La₂CuO₄: La₂CuO₄ is the parent compound of the most widely studied family of single-layer cuprates, La_2–xSr_xCuO₄. In La₂CuO₄, there is an (apical) oxygen atom above the Cu atom, thereby forming an octahedron of O atoms around Cu (Fig. 1). Upon cooling from high temperature, La₂CuO₄ goes from a tetragonal (I4/mmm) structure to an orthorhombic (Cmca) structure at 530 K (ref. ⁴⁴), wherein the octahedra are tilted (the orthorhombic distortion and associated tilt are not shown in Fig. 1). This means that unless they are deliberately detwinned by application of uniaxial stress, crystals of La₂CuO₄ will be full of orthorhombic structural domains (twins) whose boundaries can in principle scatter phonons. (The samples of La₂CuO₄ studied in refs. ^16,21 were twinned.) Below T_N = 270 K, the Cu spins order into a collinear antiferromagnetic arrangement, whereby all alternating moments point along the same direction ([110]) within every CuO₂ plane inside a given orthorhombic domain. The tilting of the oxygen octahedra causes a slight canting of the spins out of the CuO₂ plane (by 0.17°) (ref. ⁴⁵), thereby producing a Dzyaloshinskii–Moriya (DM) interaction that could, in principle, be a source of chirality.

Nd₂CuO₄: Nd₂CuO₄ is the parent compound of the electron-doped family of cuprates Nd_2−xCe_xCuO₄. Unlike La₂CuO₄, it does not undergo any structural transition and remains tetragonal down to T = 0. A significant difference from La₂CuO₄ is the absence of apical oxygens, so that Cu atoms in Nd₂CuO₄ are not surrounded by oxygen octahedra (Fig. 1). So, in Nd₂CuO₄, there are no structural domain boundaries and no spin canting.

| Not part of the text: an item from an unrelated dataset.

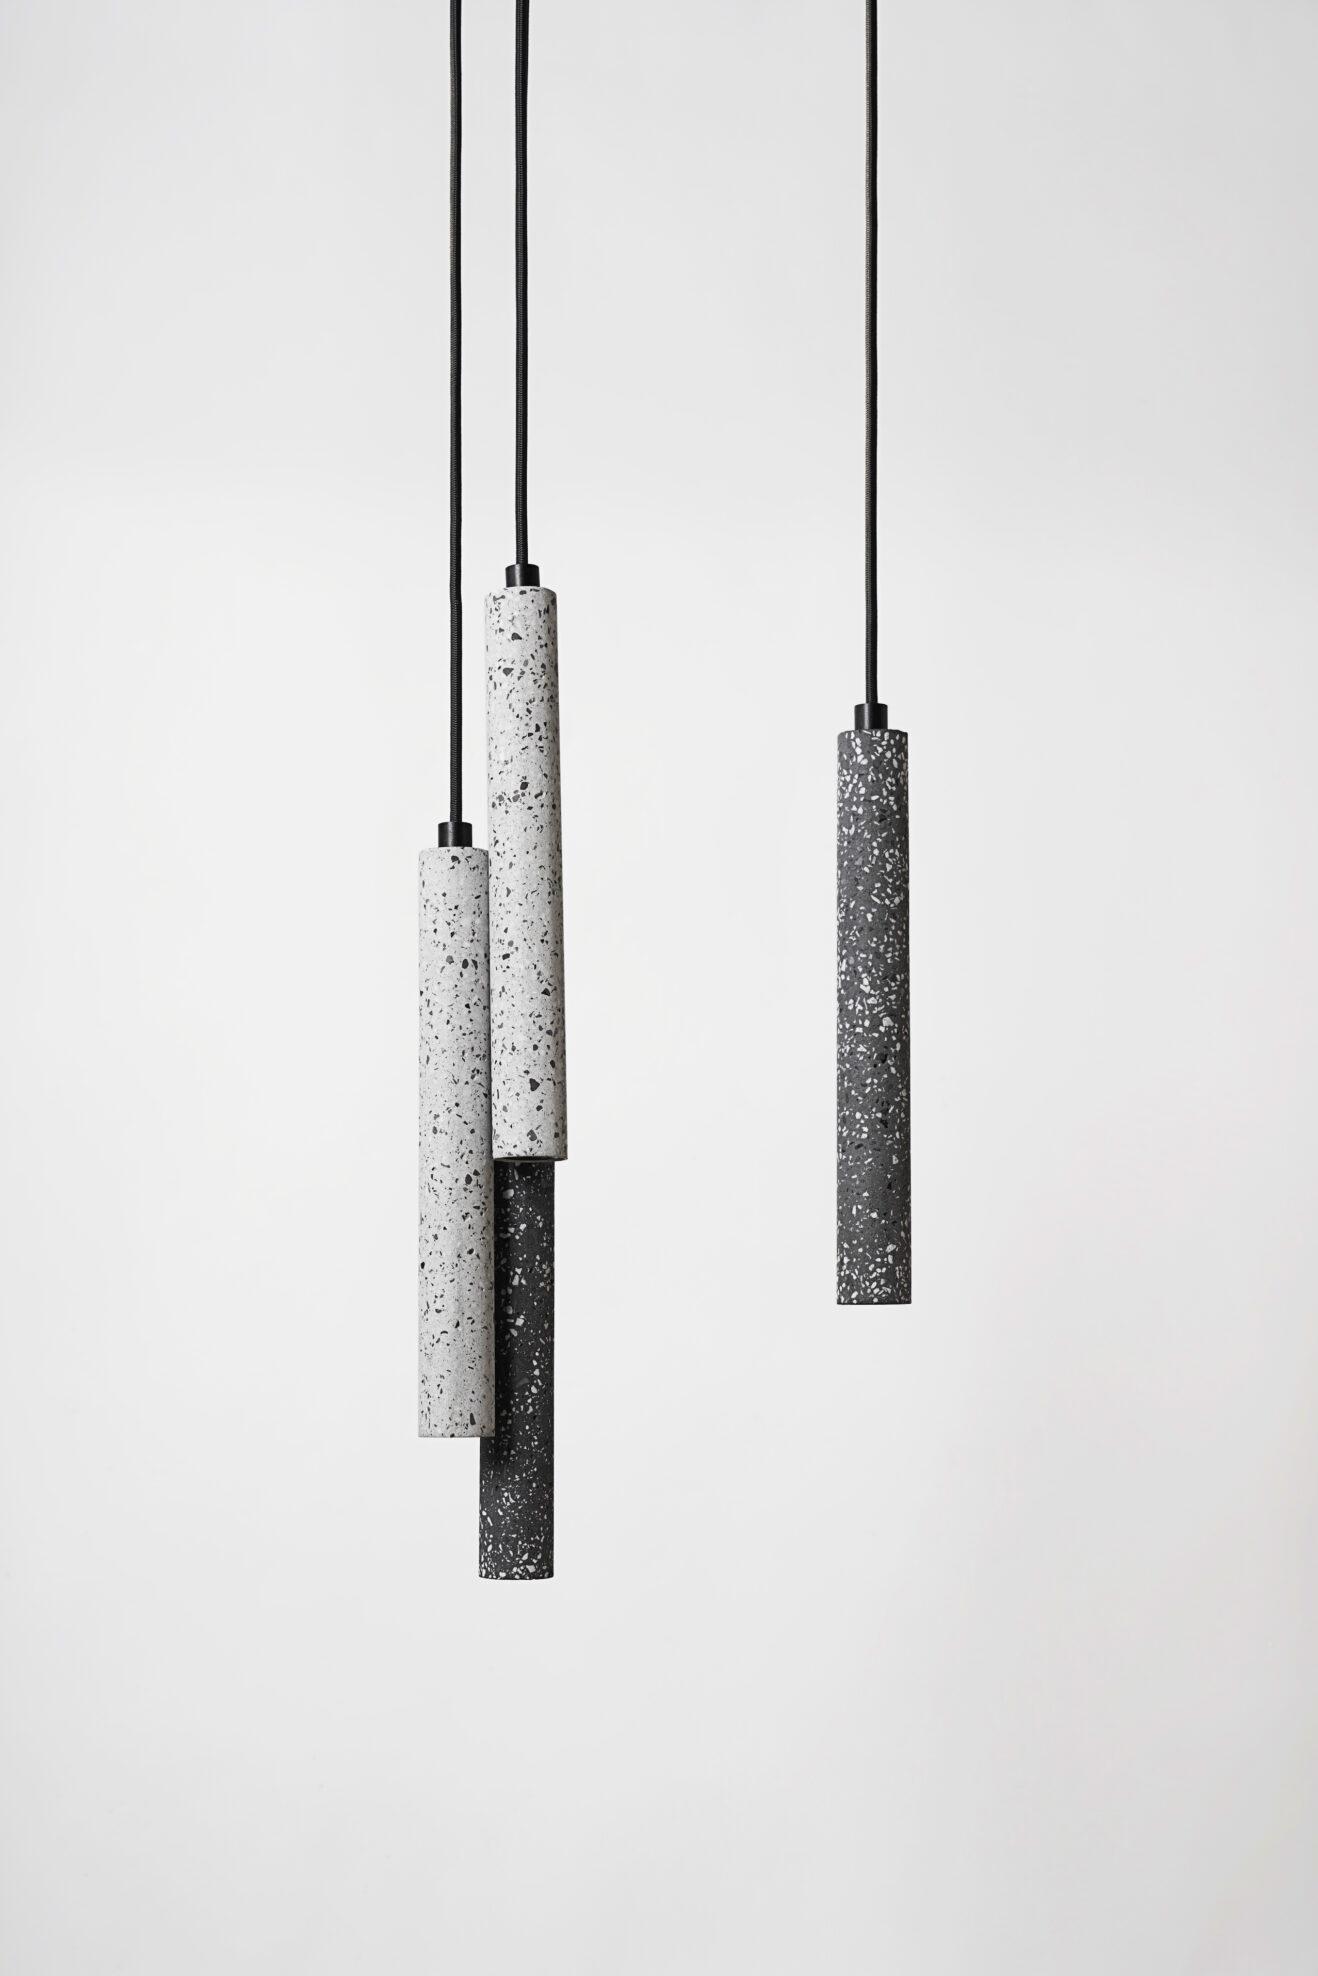 BentuDesign-SavannahBay-Gallery-Bang-Terrazzo-4

Magnetically, Nd₂CuO₄ differs from La₂CuO₄ in two ways: there is a large moment on the Nd³⁺ ions and the Cu spins adopt a noncollinear antiferromagnetic order⁴⁶. Below T_N = 255 K, the spins of the Cu²⁺ ions order antiferromagnetically along the Cu–O bond ([100]). This breaks the fourfold symmetry within a single CuO₂ plane. However, in the next CuO₂ plane along the c-axis, the same spin configuration is rotated by 90°, thereby restoring the fourfold symmetry of the entire system. This noncollinear magnetic structure therefore preserves the tetragonal symmetry of the crystal.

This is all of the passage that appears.